TRY IT
Print this span of the material below exactly: the line with "scottish doric sayings", the line with "drug addiction treatment", and every line between them, but nothing else.

SUPPLIED ENTRIES
::::
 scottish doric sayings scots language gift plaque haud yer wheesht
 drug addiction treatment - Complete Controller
::::
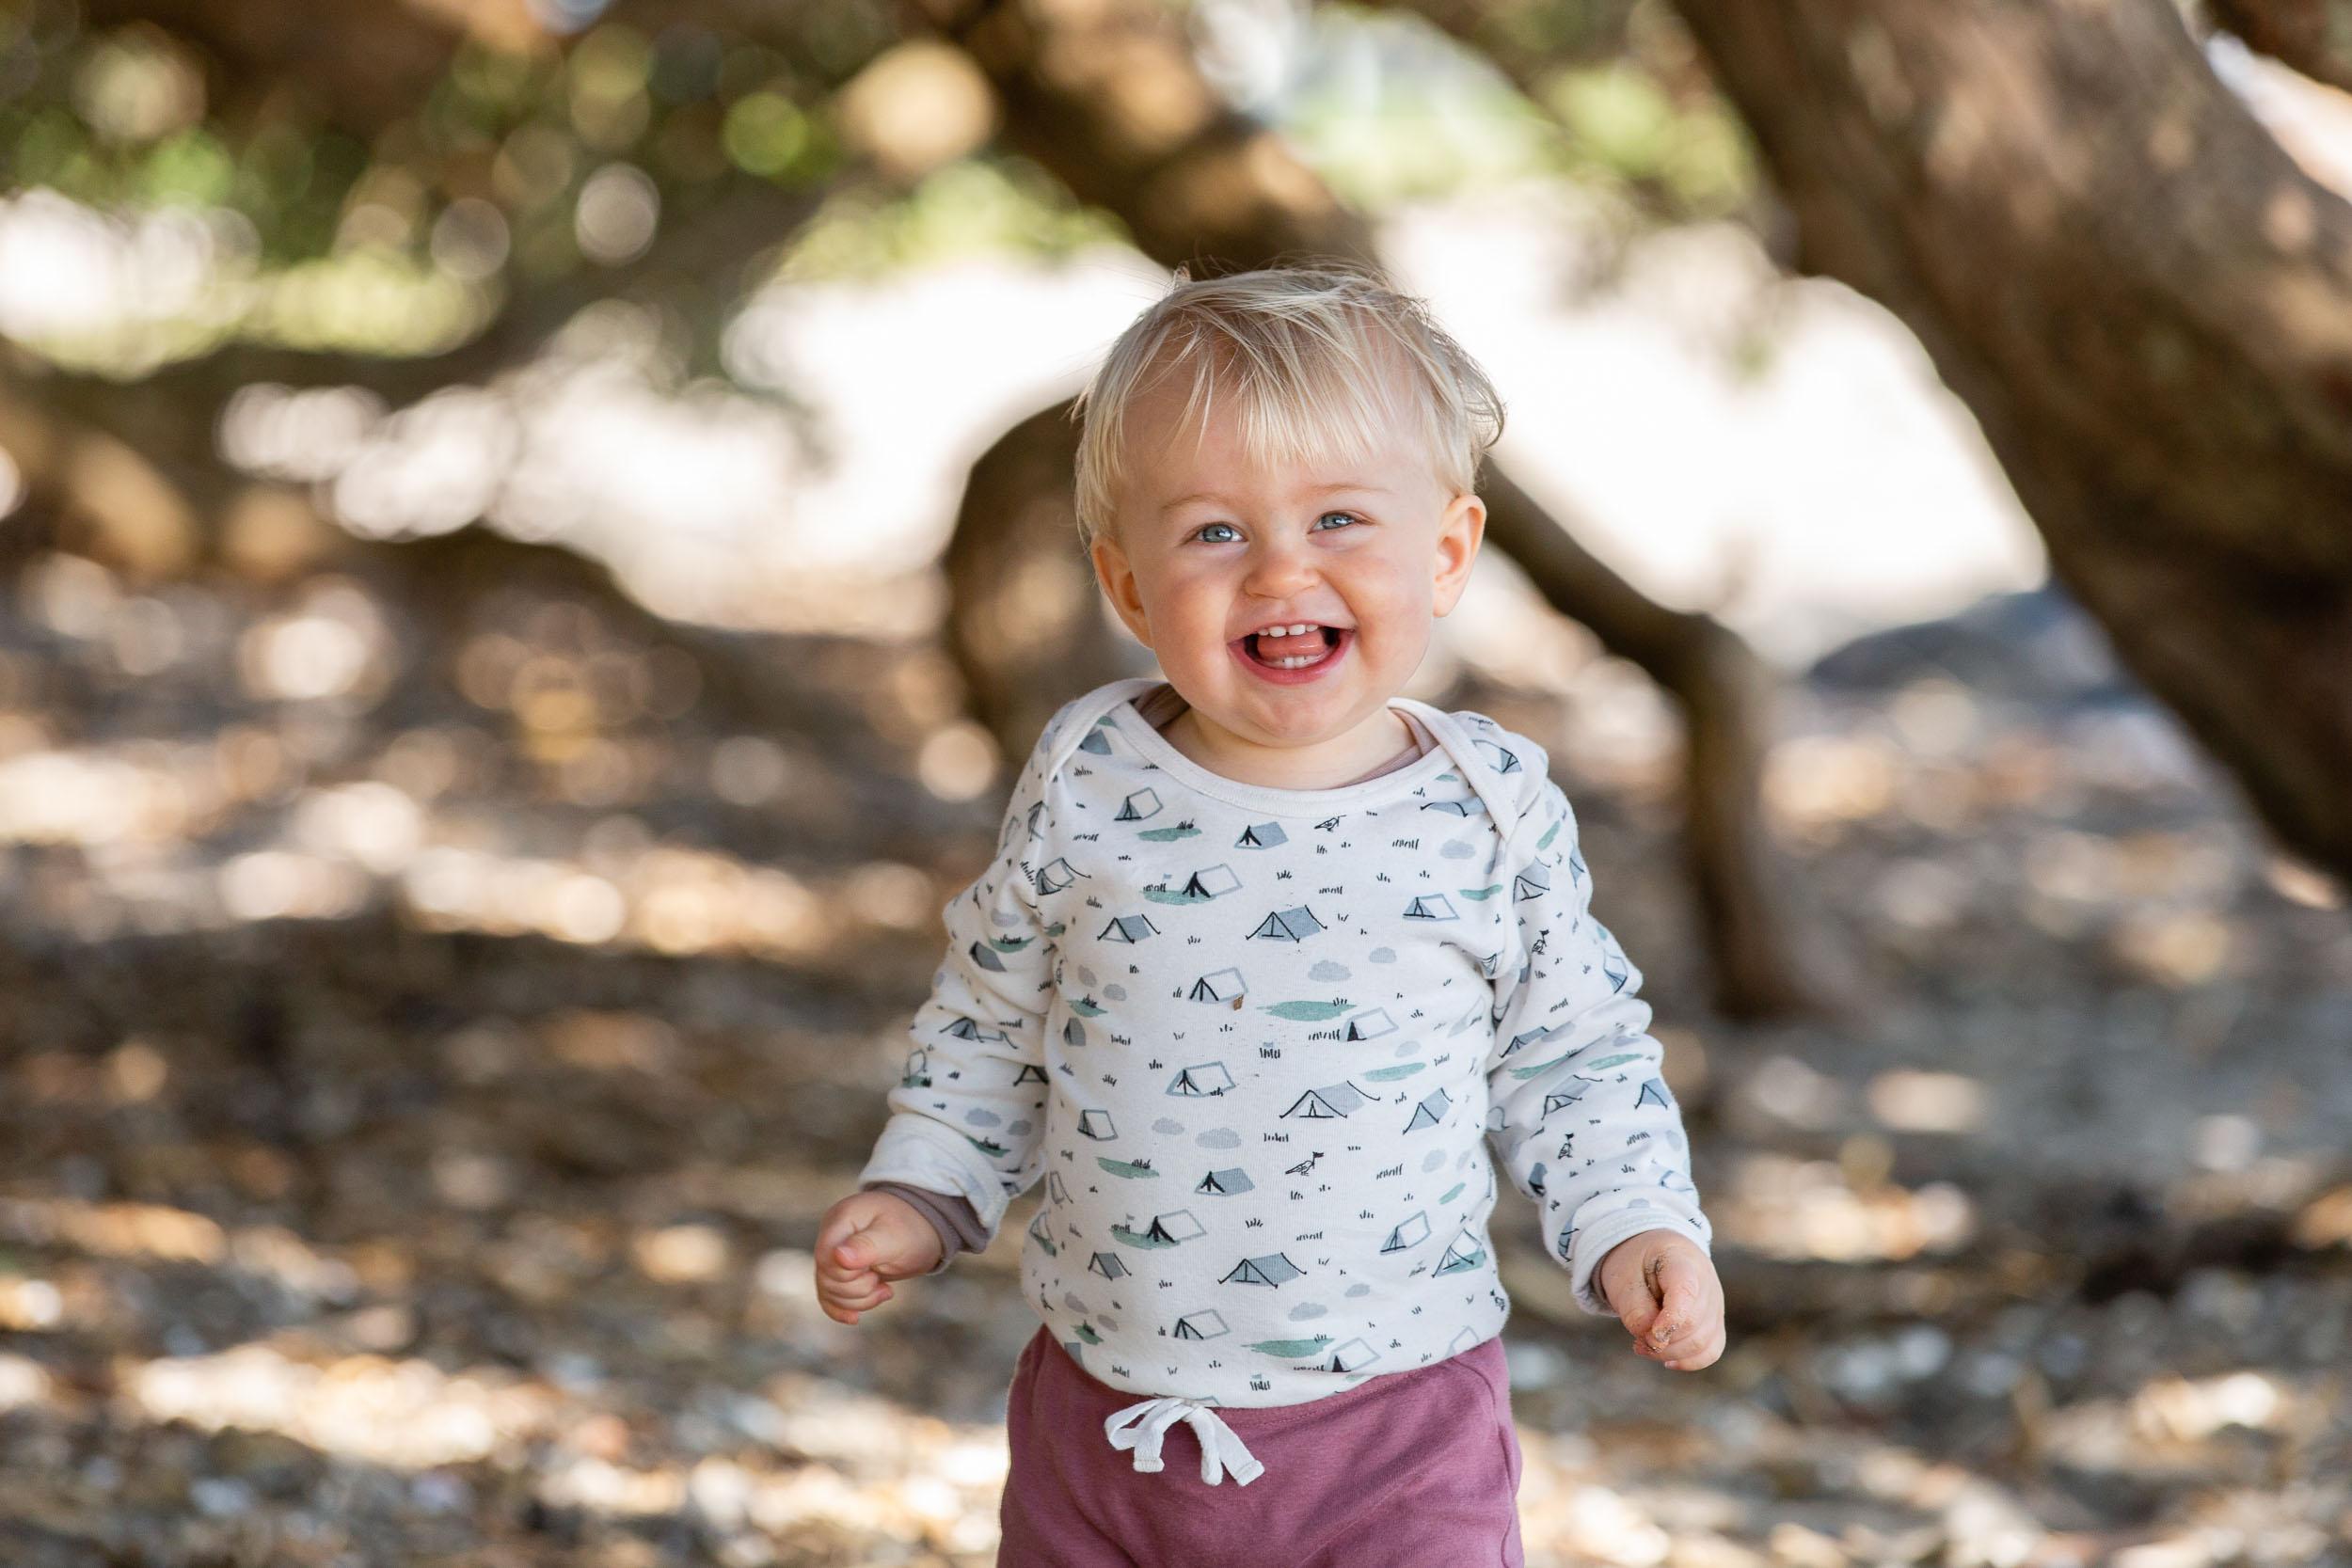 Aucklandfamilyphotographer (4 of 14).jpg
::::
RESULT FOR THIS EXERCISE
 scottish doric sayings scots language gift plaque haud yer wheesht
 drug addiction treatment - Complete Controller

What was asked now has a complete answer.